**TASK INSTRUCTIONS**
Beginning with the first line of the data below, extract each line up to and including the one containing "Buffalo Valley Church of the Brethren". Copy them exactly and add nothing.

[Records from a collection]
***

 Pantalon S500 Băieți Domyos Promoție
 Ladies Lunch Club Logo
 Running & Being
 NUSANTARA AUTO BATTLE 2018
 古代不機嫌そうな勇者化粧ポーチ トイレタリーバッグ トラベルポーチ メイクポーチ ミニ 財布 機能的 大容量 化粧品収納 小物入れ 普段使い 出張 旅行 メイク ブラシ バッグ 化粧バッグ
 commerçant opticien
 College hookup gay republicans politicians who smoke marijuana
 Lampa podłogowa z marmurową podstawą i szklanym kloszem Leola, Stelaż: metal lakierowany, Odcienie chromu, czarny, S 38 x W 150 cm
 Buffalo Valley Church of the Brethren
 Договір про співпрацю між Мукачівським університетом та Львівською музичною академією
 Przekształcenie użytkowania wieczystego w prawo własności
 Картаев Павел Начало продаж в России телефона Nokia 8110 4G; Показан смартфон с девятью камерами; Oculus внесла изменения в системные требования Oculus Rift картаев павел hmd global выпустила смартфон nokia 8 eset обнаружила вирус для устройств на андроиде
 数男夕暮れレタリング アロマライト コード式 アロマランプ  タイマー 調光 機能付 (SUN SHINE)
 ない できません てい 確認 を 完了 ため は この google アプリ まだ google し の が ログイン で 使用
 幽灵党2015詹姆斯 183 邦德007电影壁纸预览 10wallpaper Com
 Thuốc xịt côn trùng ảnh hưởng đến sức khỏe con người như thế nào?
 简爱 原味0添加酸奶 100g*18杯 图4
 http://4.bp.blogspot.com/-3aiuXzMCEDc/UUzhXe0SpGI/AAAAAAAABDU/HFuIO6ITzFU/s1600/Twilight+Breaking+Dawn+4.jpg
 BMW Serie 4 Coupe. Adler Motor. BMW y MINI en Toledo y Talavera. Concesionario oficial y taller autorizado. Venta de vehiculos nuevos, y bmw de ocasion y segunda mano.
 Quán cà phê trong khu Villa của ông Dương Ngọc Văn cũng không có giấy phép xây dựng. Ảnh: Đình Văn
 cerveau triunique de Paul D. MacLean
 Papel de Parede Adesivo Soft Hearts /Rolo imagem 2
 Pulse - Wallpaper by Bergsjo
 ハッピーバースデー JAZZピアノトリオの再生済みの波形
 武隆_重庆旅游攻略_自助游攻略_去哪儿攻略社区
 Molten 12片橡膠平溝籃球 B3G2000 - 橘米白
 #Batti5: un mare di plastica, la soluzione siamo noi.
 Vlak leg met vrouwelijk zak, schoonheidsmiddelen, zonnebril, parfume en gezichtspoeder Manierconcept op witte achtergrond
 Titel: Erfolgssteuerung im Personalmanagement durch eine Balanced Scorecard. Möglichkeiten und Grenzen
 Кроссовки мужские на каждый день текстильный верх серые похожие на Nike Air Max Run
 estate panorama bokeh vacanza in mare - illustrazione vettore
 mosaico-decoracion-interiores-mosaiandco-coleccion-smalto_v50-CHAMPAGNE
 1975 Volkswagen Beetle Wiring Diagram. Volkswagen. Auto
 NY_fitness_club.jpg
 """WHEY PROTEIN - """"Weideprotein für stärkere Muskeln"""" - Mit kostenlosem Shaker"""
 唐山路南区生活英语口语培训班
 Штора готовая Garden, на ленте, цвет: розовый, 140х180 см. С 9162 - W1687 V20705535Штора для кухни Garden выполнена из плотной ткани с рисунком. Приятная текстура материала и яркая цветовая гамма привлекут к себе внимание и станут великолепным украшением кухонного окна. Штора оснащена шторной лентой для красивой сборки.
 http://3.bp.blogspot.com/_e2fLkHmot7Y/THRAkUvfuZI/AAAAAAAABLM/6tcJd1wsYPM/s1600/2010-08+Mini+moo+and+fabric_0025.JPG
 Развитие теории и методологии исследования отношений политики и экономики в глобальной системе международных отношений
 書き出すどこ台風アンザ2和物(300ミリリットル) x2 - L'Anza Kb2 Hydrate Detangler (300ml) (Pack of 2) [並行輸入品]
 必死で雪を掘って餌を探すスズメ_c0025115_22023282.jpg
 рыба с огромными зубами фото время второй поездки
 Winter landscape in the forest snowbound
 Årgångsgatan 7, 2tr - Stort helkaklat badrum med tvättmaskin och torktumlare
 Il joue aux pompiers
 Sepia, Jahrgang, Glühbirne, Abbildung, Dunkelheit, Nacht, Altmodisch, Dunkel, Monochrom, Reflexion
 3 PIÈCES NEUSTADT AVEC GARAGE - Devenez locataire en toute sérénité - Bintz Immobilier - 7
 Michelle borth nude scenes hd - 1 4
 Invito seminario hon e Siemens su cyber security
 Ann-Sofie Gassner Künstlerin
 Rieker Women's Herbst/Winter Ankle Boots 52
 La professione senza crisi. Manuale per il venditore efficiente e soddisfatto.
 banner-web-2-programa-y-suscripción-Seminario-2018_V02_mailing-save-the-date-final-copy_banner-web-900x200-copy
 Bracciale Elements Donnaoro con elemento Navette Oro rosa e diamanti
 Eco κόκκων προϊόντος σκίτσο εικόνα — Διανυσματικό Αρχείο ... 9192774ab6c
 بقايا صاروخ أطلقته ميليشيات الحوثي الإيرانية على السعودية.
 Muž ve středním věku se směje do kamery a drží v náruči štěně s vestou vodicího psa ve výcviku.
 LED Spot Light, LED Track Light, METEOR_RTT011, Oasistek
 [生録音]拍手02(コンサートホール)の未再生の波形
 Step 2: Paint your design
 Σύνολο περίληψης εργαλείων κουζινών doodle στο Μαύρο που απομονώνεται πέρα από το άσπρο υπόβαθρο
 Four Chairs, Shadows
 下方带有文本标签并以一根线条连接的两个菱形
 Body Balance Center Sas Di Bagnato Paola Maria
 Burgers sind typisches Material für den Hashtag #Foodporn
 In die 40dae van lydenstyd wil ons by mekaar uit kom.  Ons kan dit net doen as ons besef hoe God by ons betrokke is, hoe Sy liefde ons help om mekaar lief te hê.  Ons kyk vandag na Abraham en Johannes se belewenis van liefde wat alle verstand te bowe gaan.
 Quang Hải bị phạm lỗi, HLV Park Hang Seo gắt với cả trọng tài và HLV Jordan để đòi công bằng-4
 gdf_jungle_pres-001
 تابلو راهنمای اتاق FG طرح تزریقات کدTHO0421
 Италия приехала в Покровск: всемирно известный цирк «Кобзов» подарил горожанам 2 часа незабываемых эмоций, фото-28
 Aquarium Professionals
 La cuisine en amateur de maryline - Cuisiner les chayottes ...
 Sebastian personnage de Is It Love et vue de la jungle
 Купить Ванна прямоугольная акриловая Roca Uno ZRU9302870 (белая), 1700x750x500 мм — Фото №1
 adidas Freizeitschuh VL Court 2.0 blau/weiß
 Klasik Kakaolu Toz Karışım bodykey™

***

**RESPONSE BOX**
 Pantalon S500 Băieți Domyos Promoție
 Ladies Lunch Club Logo
 Running & Being
 NUSANTARA AUTO BATTLE 2018
 古代不機嫌そうな勇者化粧ポーチ トイレタリーバッグ トラベルポーチ メイクポーチ ミニ 財布 機能的 大容量 化粧品収納 小物入れ 普段使い 出張 旅行 メイク ブラシ バッグ 化粧バッグ
 commerçant opticien
 College hookup gay republicans politicians who smoke marijuana
 Lampa podłogowa z marmurową podstawą i szklanym kloszem Leola, Stelaż: metal lakierowany, Odcienie chromu, czarny, S 38 x W 150 cm
 Buffalo Valley Church of the Brethren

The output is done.